For Glisson, it began when her mother let her invite a black girl to her third-grade birthday party. As a consequence, she says, “the black girl was the only one who came. Everyone else had an excuse for not coming. We had a great time. My mother said, `More cake for y’all,”’ Glisson recalls.
It was only years later, looking back, that Glisson realized what had happened. “I was horrified once I figured it out.”
At the University of Mississippi, Glisson has worked to bring together Southern studies students with black graduate students from other disciplines in the hopes that they might spread the word that theirs is a truly inclusive program.
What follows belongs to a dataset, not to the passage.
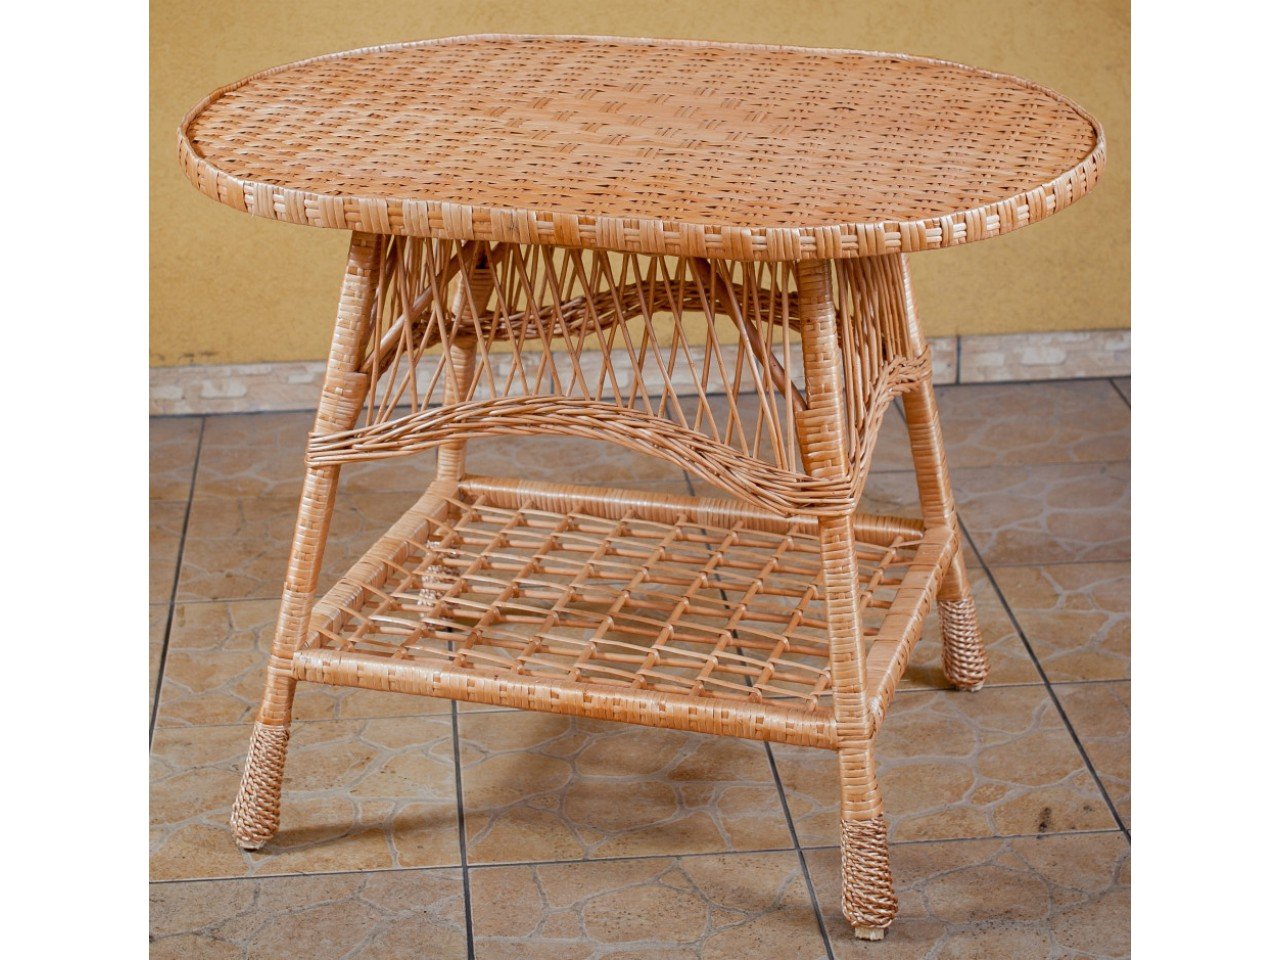 Столик лоза. Мебель из ивовой лозы. Плетеный столик. Плетеные столы из лозы. Плетёная мебель из лозы.

But Williams says blacks won’t begin to enroll in Southern studies until they see some blacks among the center’s very small core faculty and administration. Ferris says blacks who were on staff in the past left for other jobs, and that he hopes to be able to add black faculty, and increase black enrollment, in the near future.
But, says Ferris, “I don’t think we’ll ever have a completely integrated program.” He says African-American studies which at the university is affiliated with Southern studies will always provide a more focused and “nurturing” home for many black students. “There’s a need for both,” he says.
But everyone agrees that the existing Southern studies program suffers for the lack of black voices in the classroom.
It bothers Glisson, who finds herself once again thinking of the words of Chick Mallison, the white 14-year-old hero in Faulkner’s “Intruder in the Dust,” the original liberal in modern Southern fiction, who with an old white women and young black friend helps free a wrongly accused black man.
“Chick Mallison wants the South to be perfect,” says Glisson. “He wants to be with it, perfect.”